*WORK REQUEST*: Required from the data below: the exact lines starting at the line containing "Eine ländliche Landschaft" and ending at the line containing "Defibtech-logo", with both ends kept and all pictures dropped.

*RECORDS SHOWN*:
**********
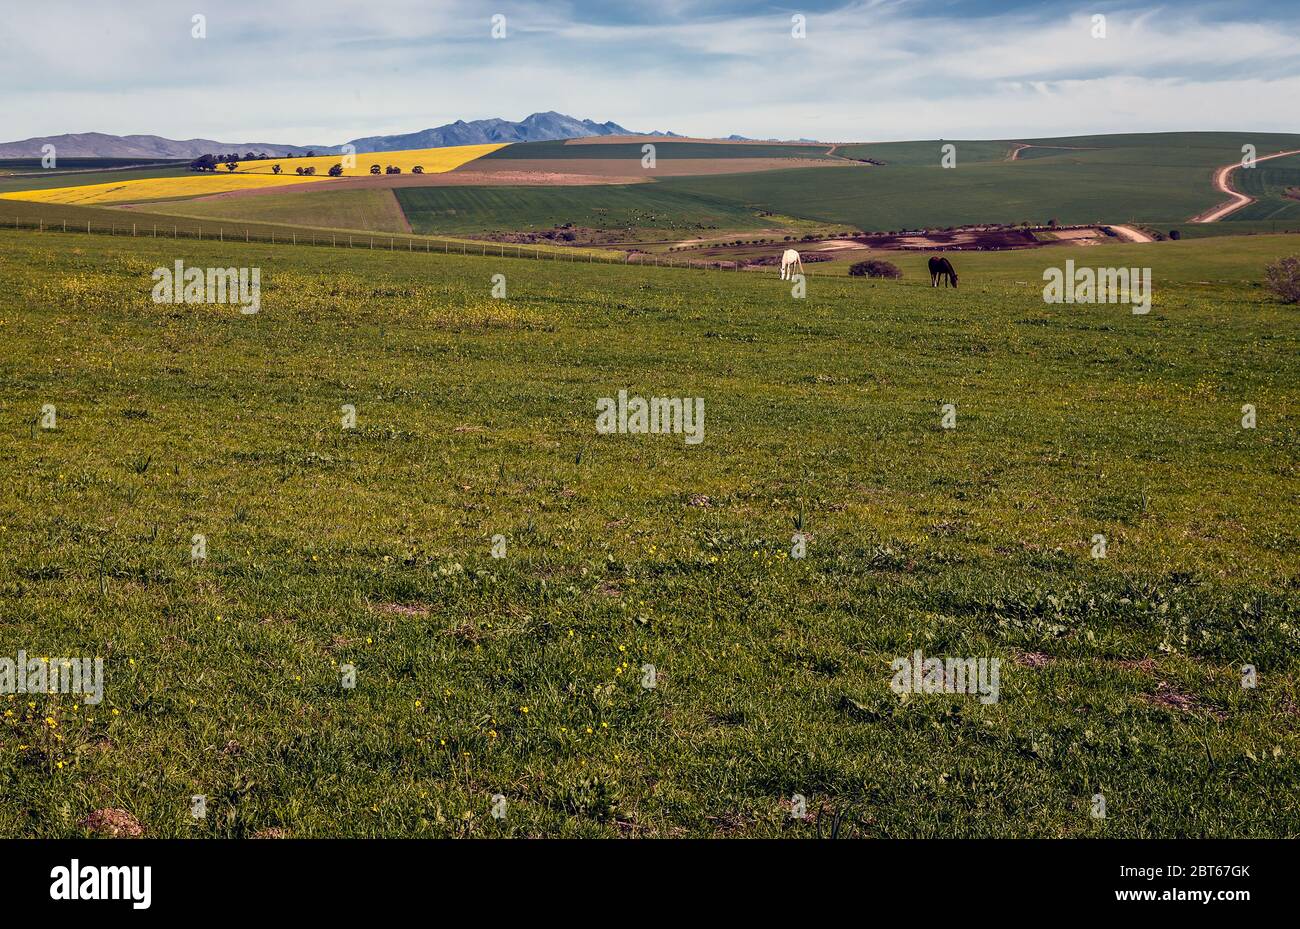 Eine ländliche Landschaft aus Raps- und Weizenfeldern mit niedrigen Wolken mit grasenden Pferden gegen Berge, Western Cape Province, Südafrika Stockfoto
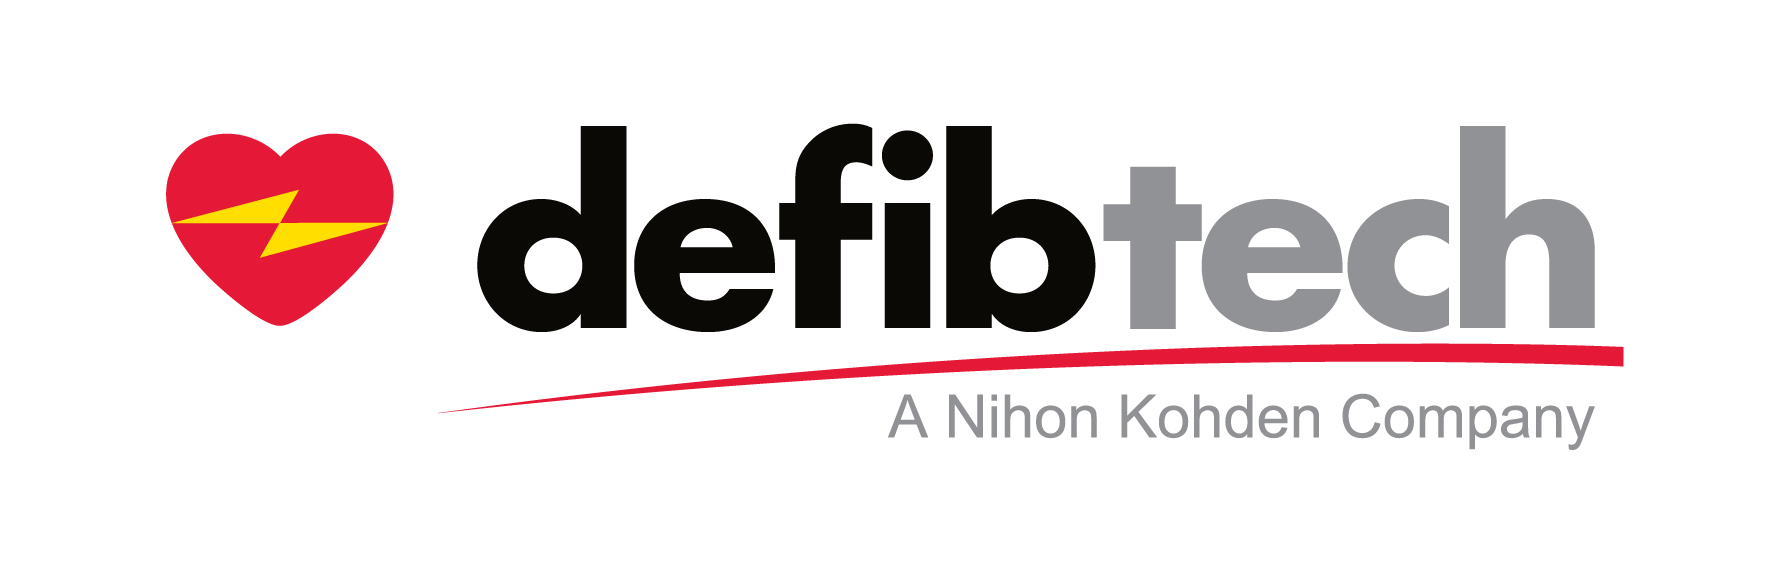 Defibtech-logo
**********
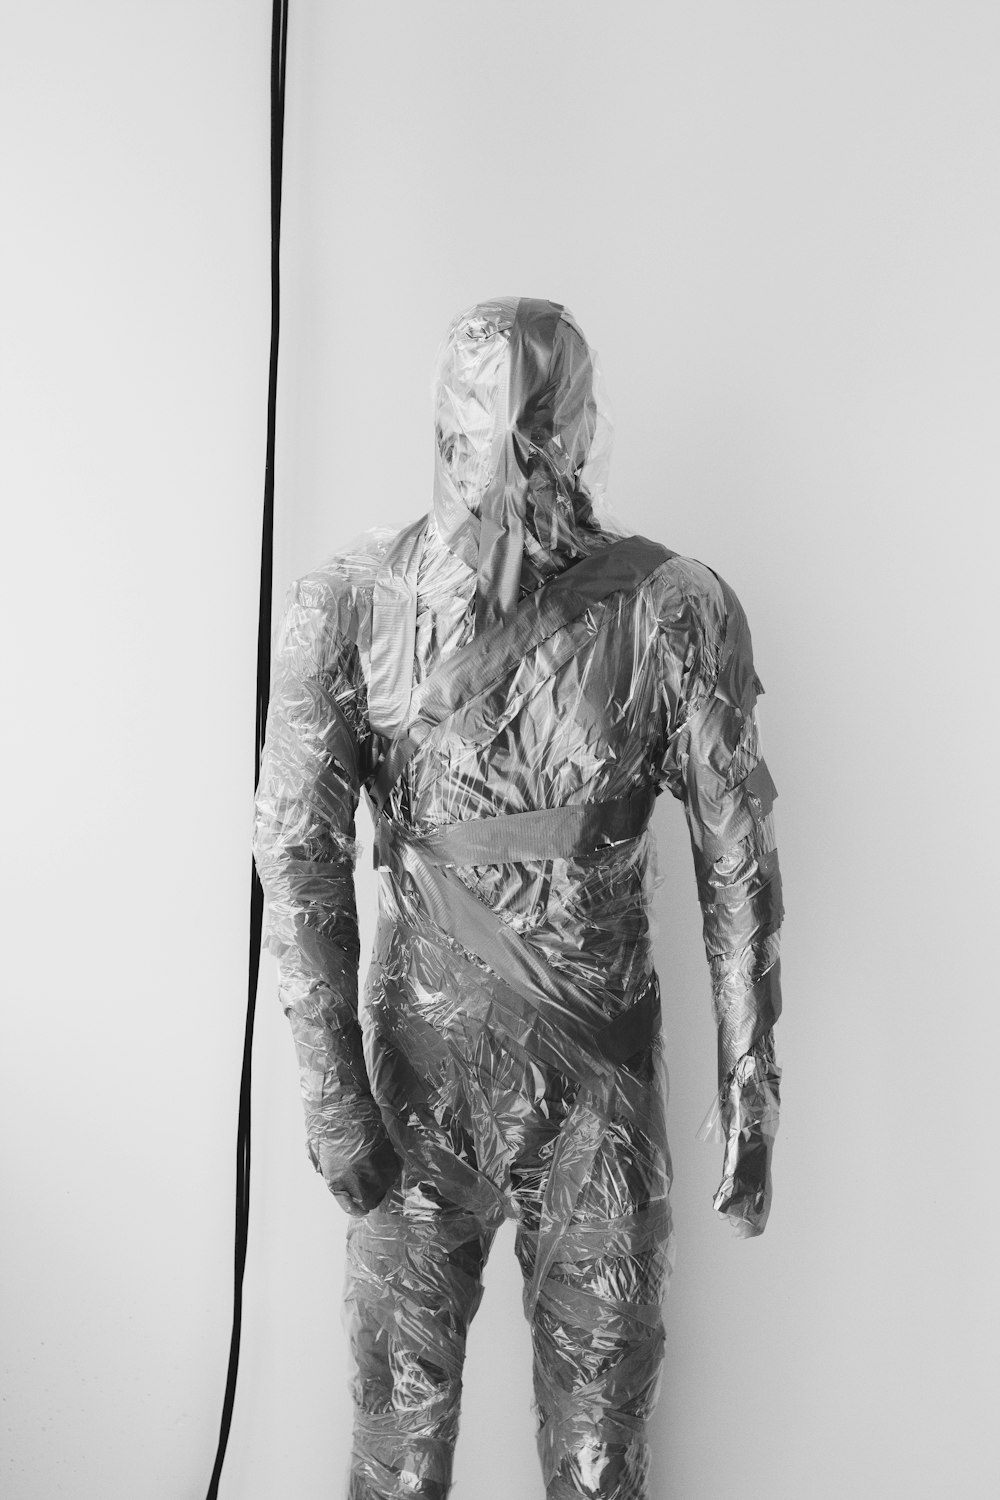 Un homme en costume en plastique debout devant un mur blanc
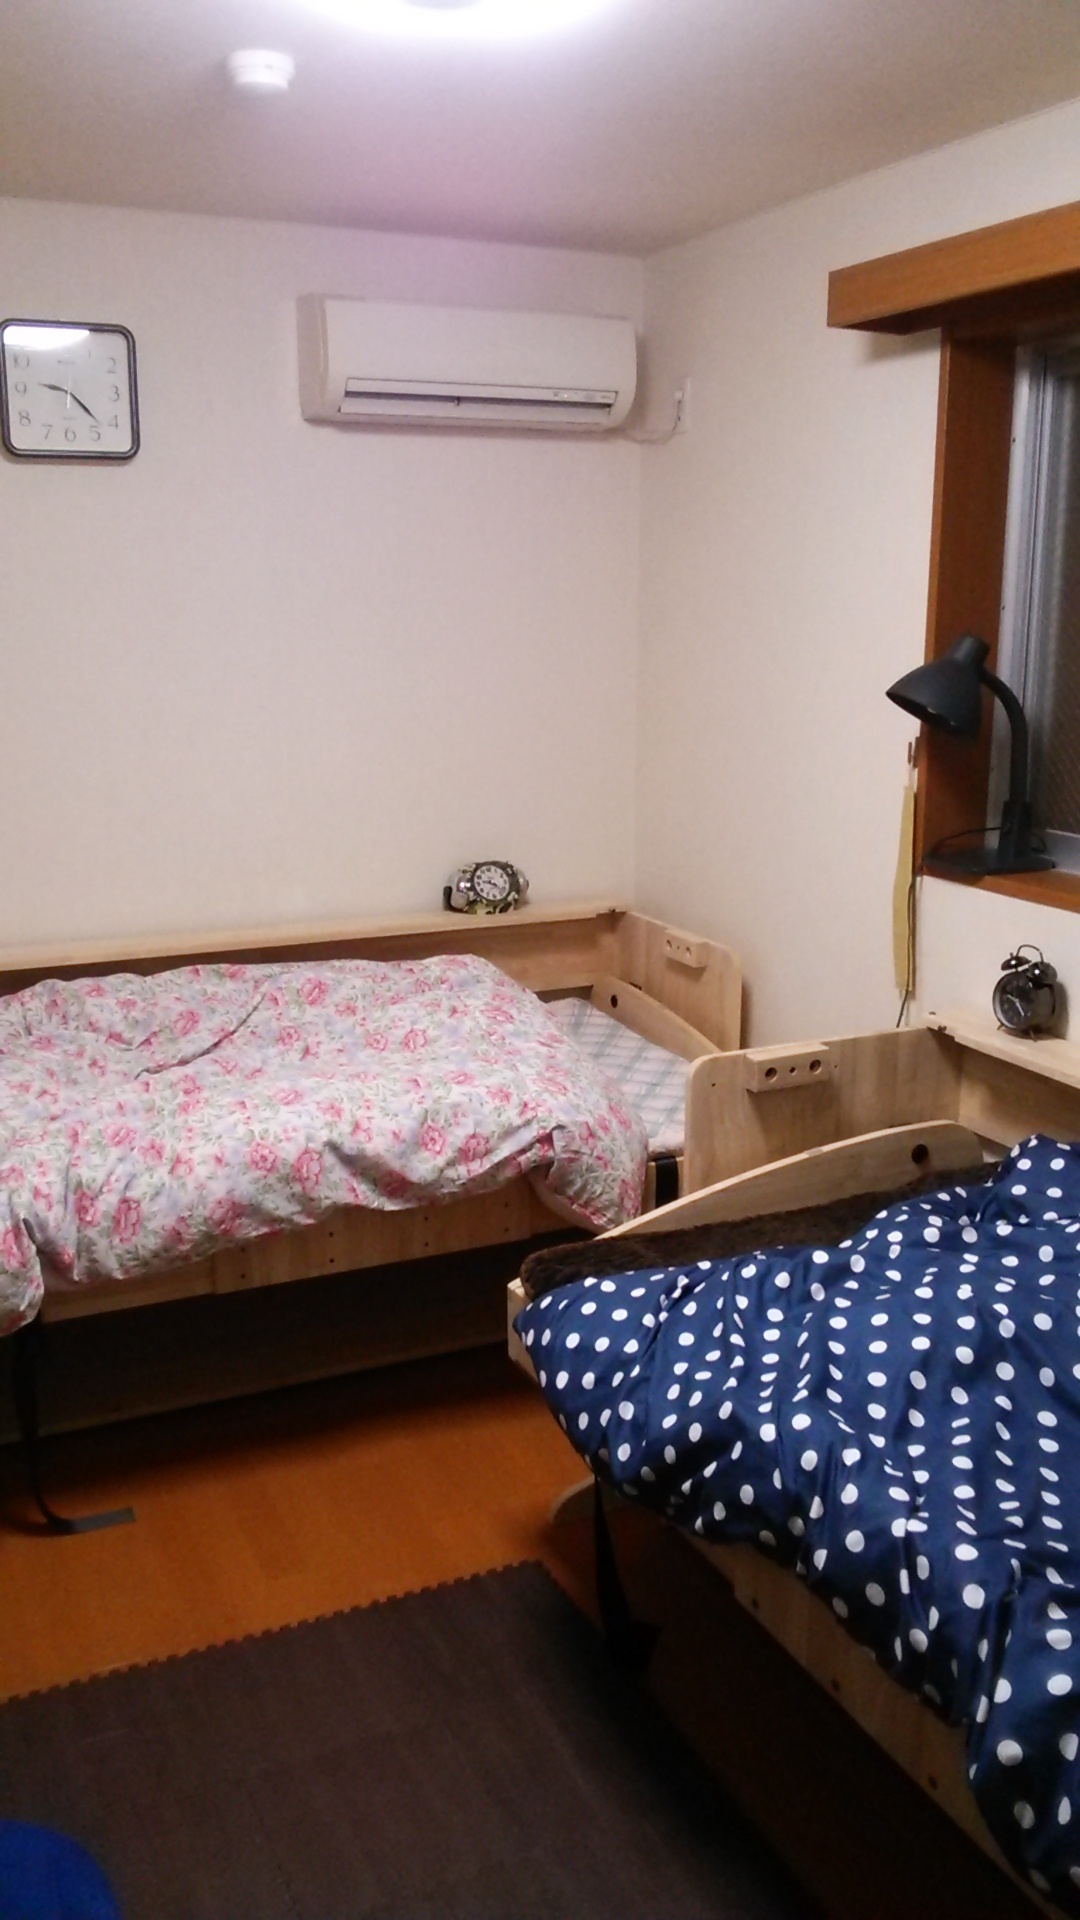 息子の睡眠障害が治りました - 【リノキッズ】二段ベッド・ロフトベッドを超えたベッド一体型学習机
**********
*OUTPUT*:
 Eine ländliche Landschaft aus Raps- und Weizenfeldern mit niedrigen Wolken mit grasenden Pferden gegen Berge, Western Cape Province, Südafrika Stockfoto
 Defibtech-logo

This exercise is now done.